-- Opening Marker --

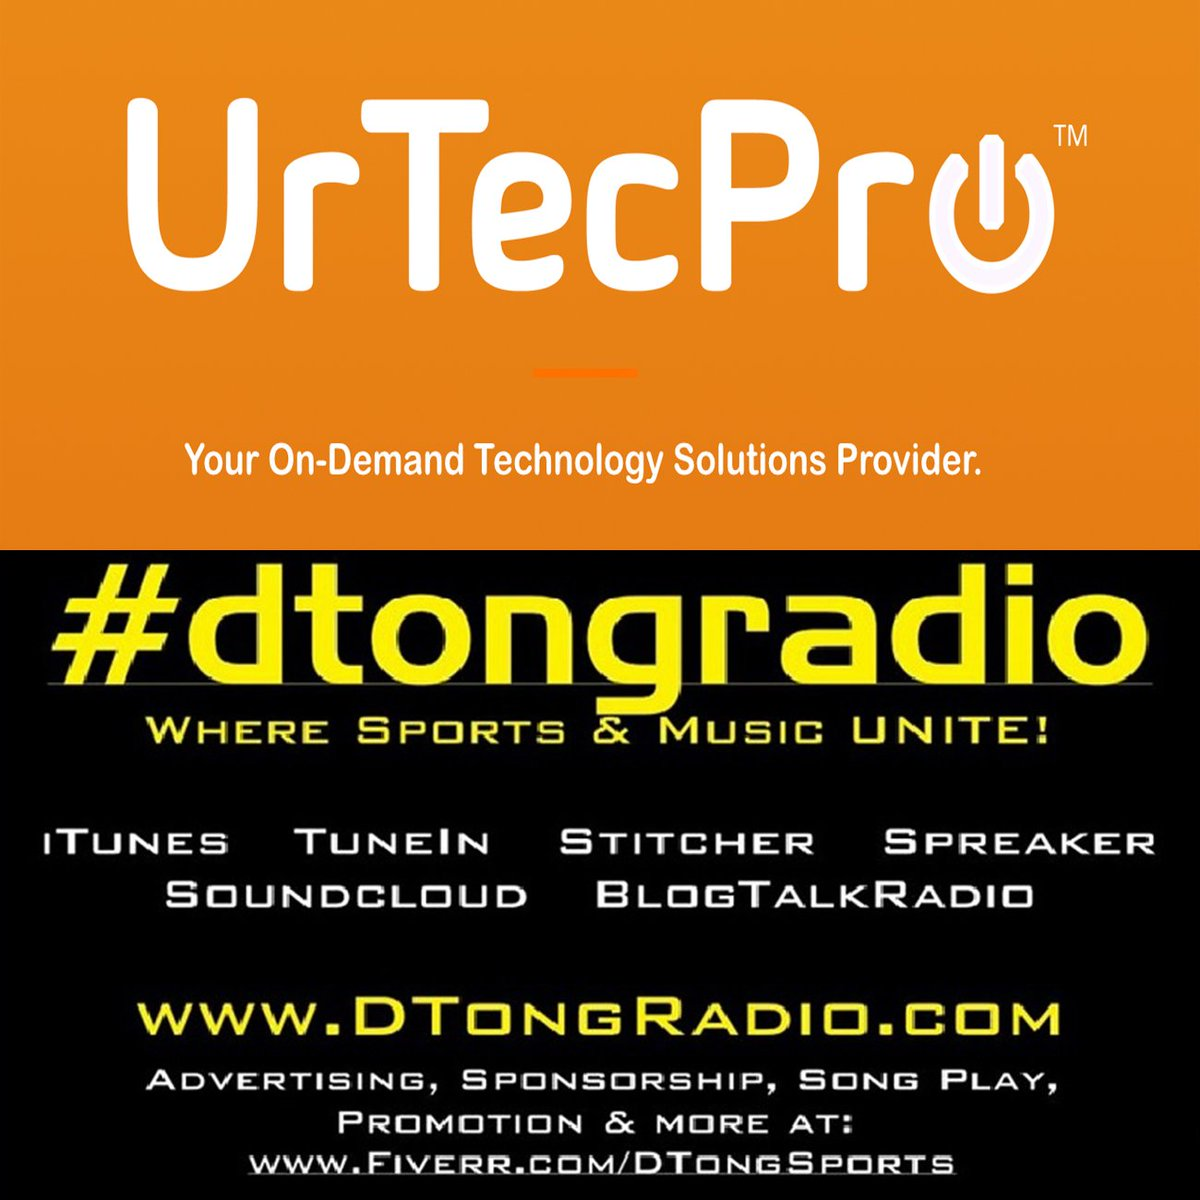 #NowPlaying LIVE on #dtongradio  NFL, NBA, College FB/BB, &amp; the BEST Indie Music  ft @thehausofpanda @shiyakataria @Deltiimo  Streaming at:  http://www. DTongRadio.com  &nbsp;    On #spreaker:  https://www. spreaker.com/user/dtongspor ts/nfl-week-11-nba-ncaa-fb-bb-the-best-indi?autoplay=1 &nbsp; …   On #Periscope :  https://www. pscp.tv/w/1zqKVMpzRZaxB  &nbsp;    #nfl #nba  #cfb #cbb #newmusicfriday<br>http://pic.twitter.com/5tuN3mZ5Mf
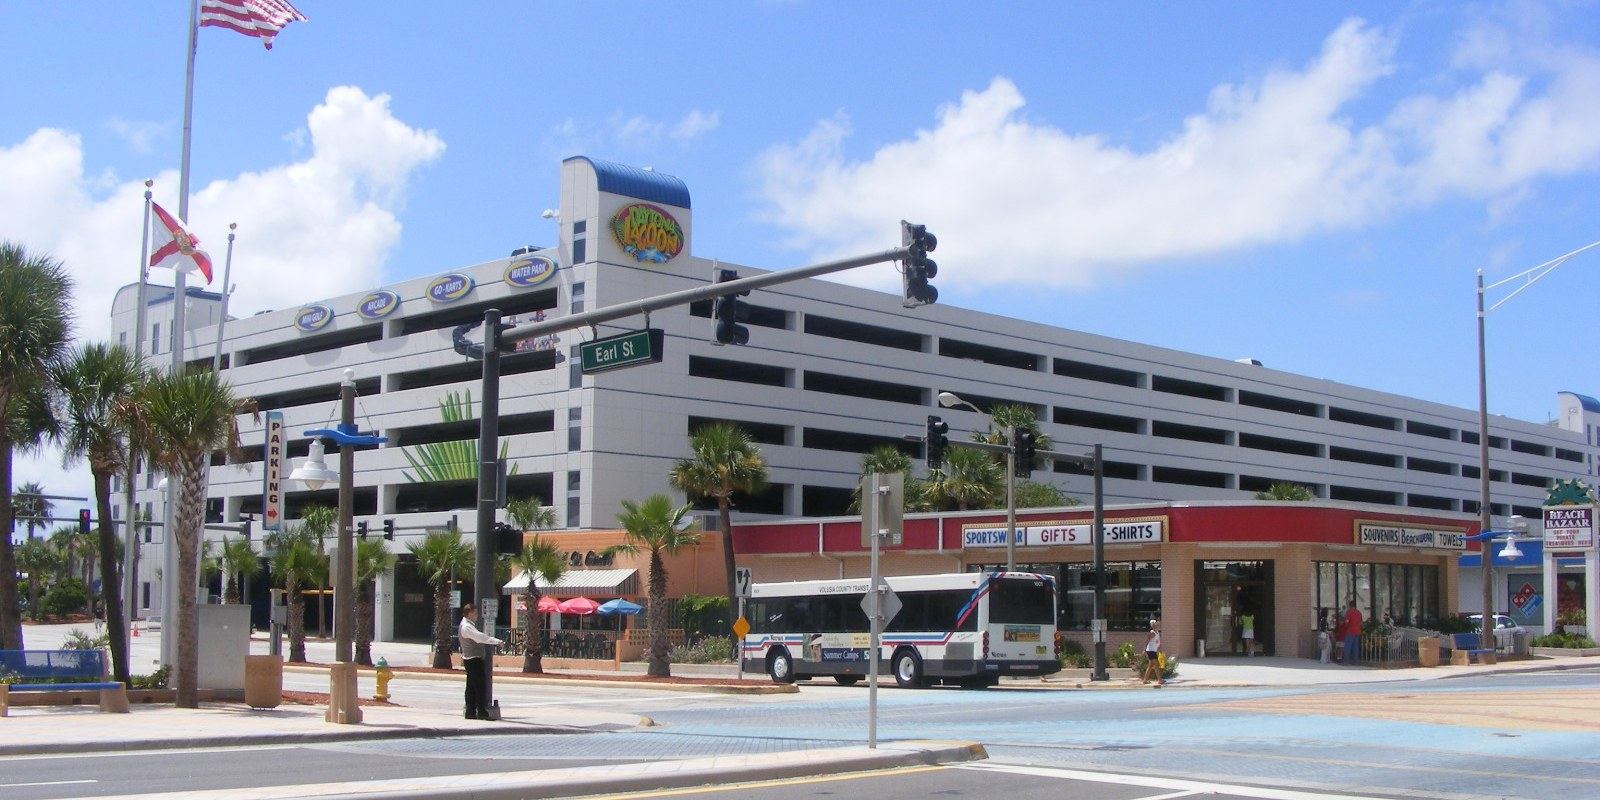 Daytona Beach Public Parking Garage
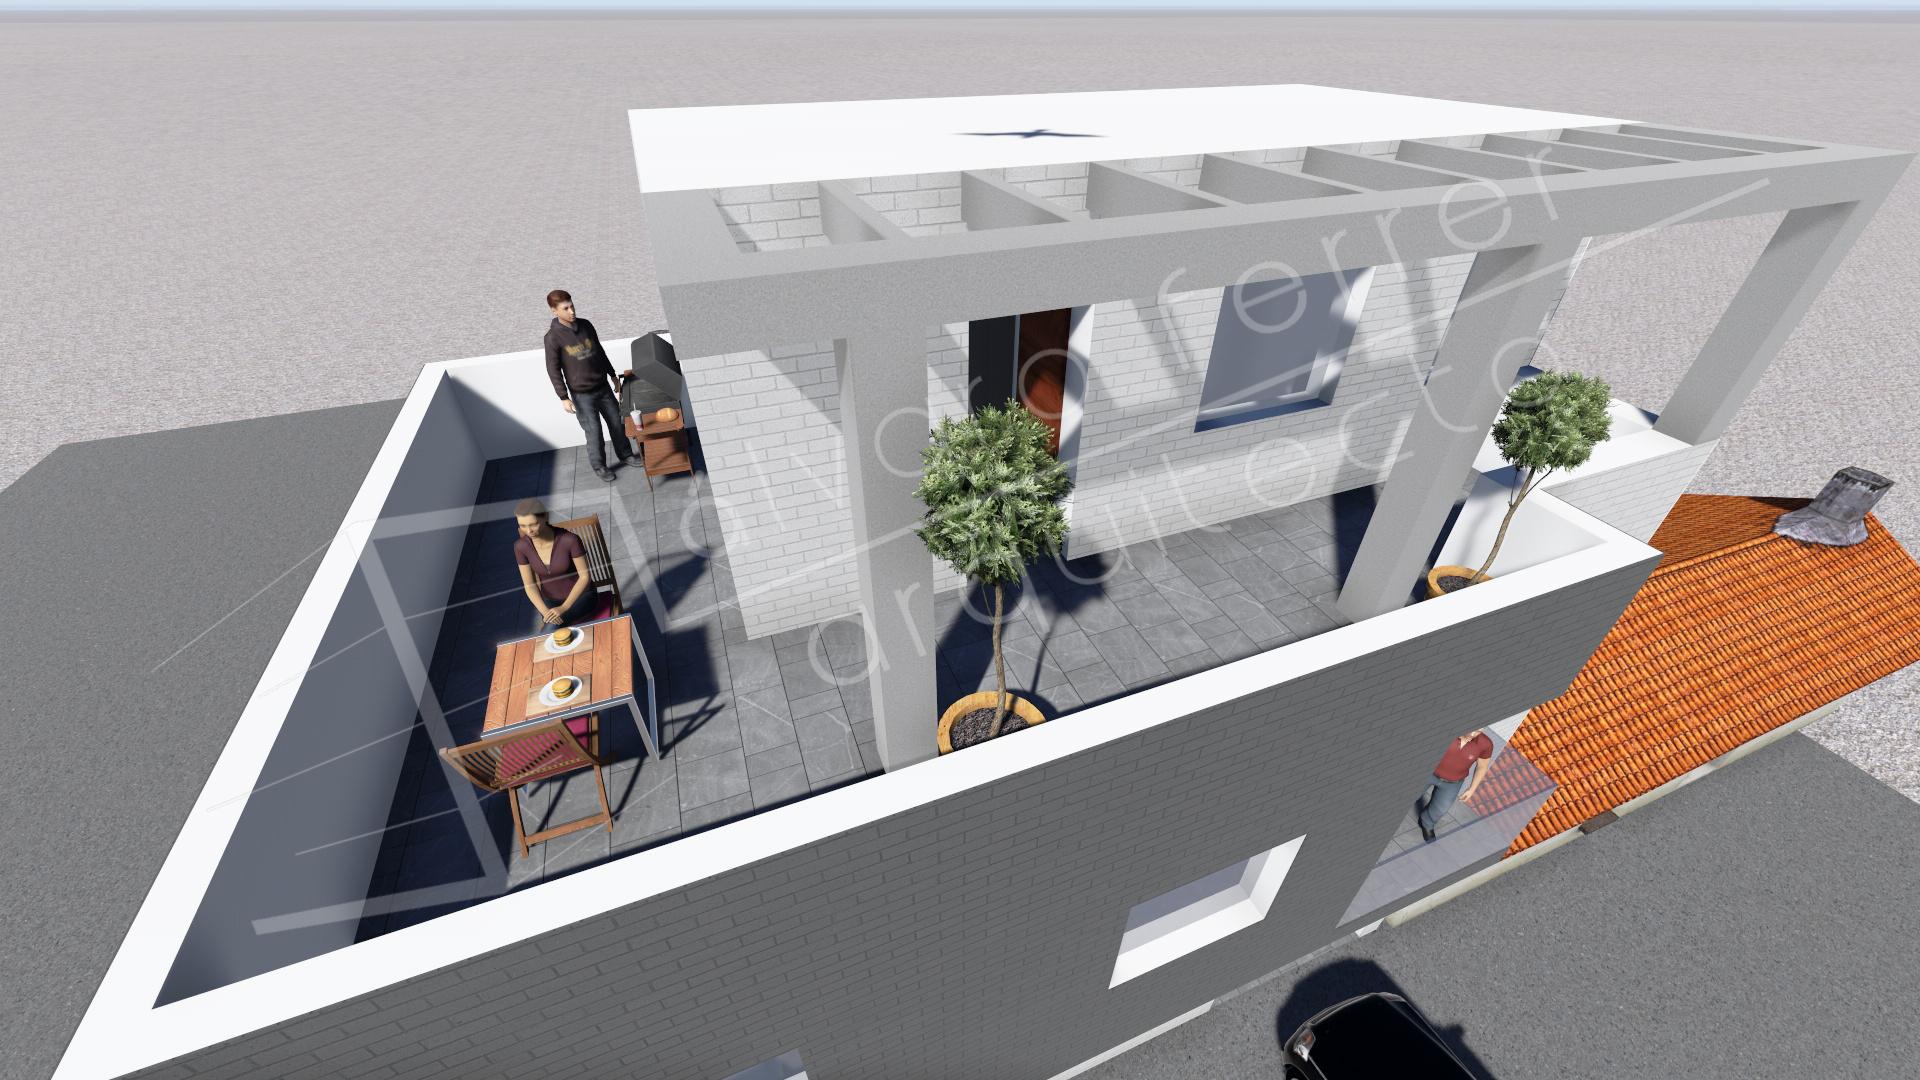 vivienda_unifamiliar_alvaro_ferrer_arquitecto_3

-- Closing Marker --

The problem: Retype the whole listing exactly and leave the pictures out.

Solution to this problem:
 #NowPlaying LIVE on #dtongradio  NFL, NBA, College FB/BB, &amp; the BEST Indie Music  ft @thehausofpanda @shiyakataria @Deltiimo  Streaming at:  http://www. DTongRadio.com  &nbsp;    On #spreaker:  https://www. spreaker.com/user/dtongspor ts/nfl-week-11-nba-ncaa-fb-bb-the-best-indi?autoplay=1 &nbsp; …   On #Periscope :  https://www. pscp.tv/w/1zqKVMpzRZaxB  &nbsp;    #nfl #nba  #cfb #cbb #newmusicfriday<br>http://pic.twitter.com/5tuN3mZ5Mf
 Daytona Beach Public Parking Garage
 vivienda_unifamiliar_alvaro_ferrer_arquitecto_3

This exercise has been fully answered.